Я таял в темном всесжигающем блаженстве.

— Хельга, Господи Боже мой — пять тысяч… пять миллионов буду давать вам! Если бы вы знали, если бы вы знали! Вы не знаете, что я выстрадал…

Она улыбнулась, так благосклонно и любовно махнула нежной ручкой — и задрожала. Бедняжка! Что ей пришлось вынести!.. И пошла прочь.

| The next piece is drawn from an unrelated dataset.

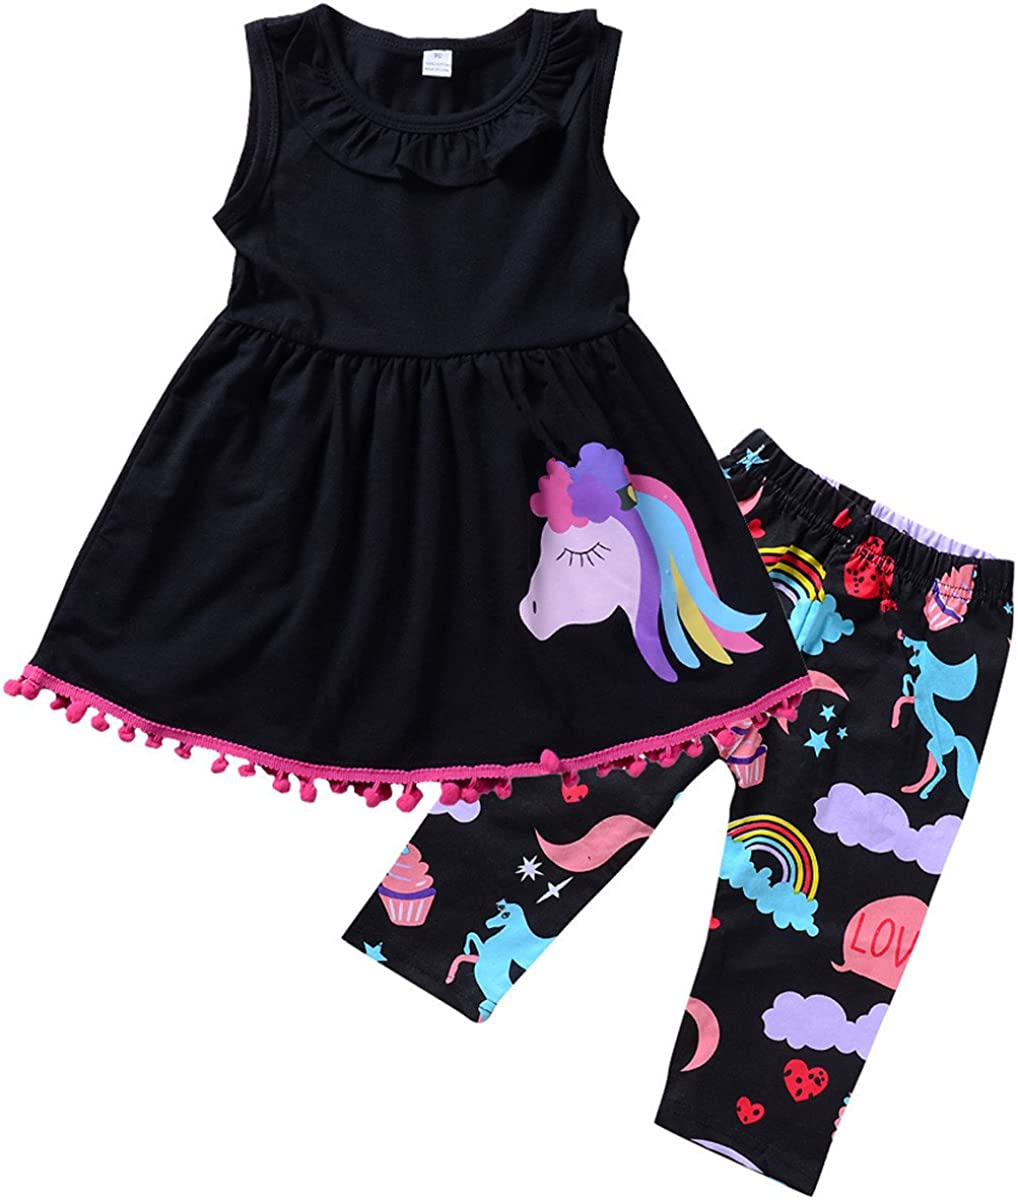 Baby Toddler Girls Tassel Sleeveless Ruffle Shirt Dress Cropped Pants Outfit Set
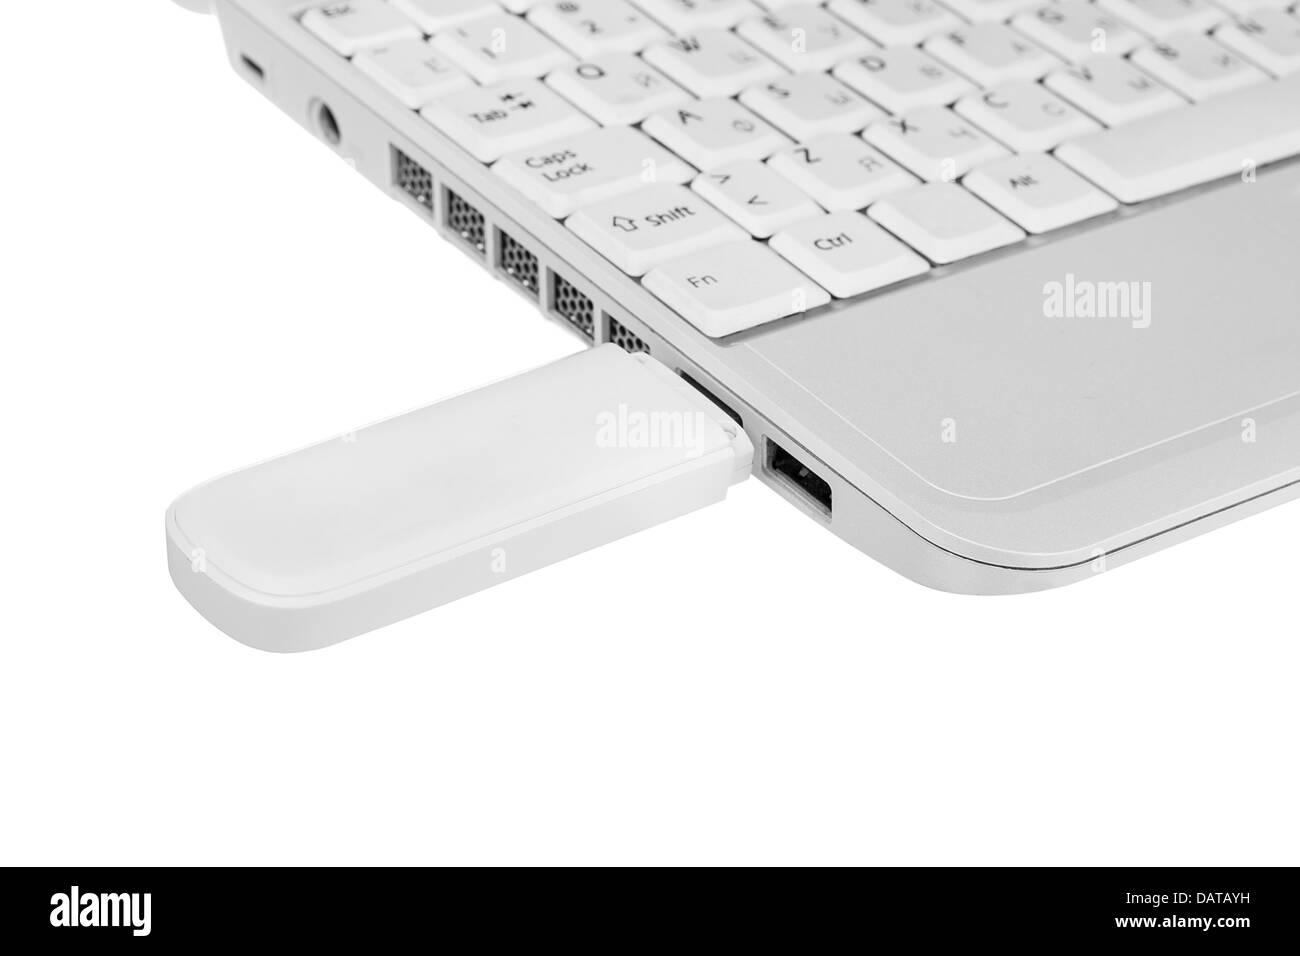 Les ordinateurs portables avec modem wi-fi Photo Stock

— Хельга! — я не мог позволить ей так просто уйти, — может ли все это быть?.. Да, все, как вы объяснили мне, оказывается так естественно, все так прекрасно совпадает. Но все-таки — не сон ли это, что вы — живы?

Она остановилась.

— Ты-таки олух! До сих пор у него не вылетела из головы эта глупость! Впрочем — можешь когда угодно пойти в башню и убедиться. Слона и Льва ты, скотина, убил; так возьми с собой настоящего льва и всех остальных из парка! Я тебе гарантирую, что они пойдут с тобой как собаки и что до твоего паршивого тела даже не дотронутся!

И опять пошла к лесу.

— Хельга — а разве мы — уже — не увидимся?

Она еще повернула на ходу голову и воскликнула каким-то странным голосом:

— Увидимся, еще раз увидимся!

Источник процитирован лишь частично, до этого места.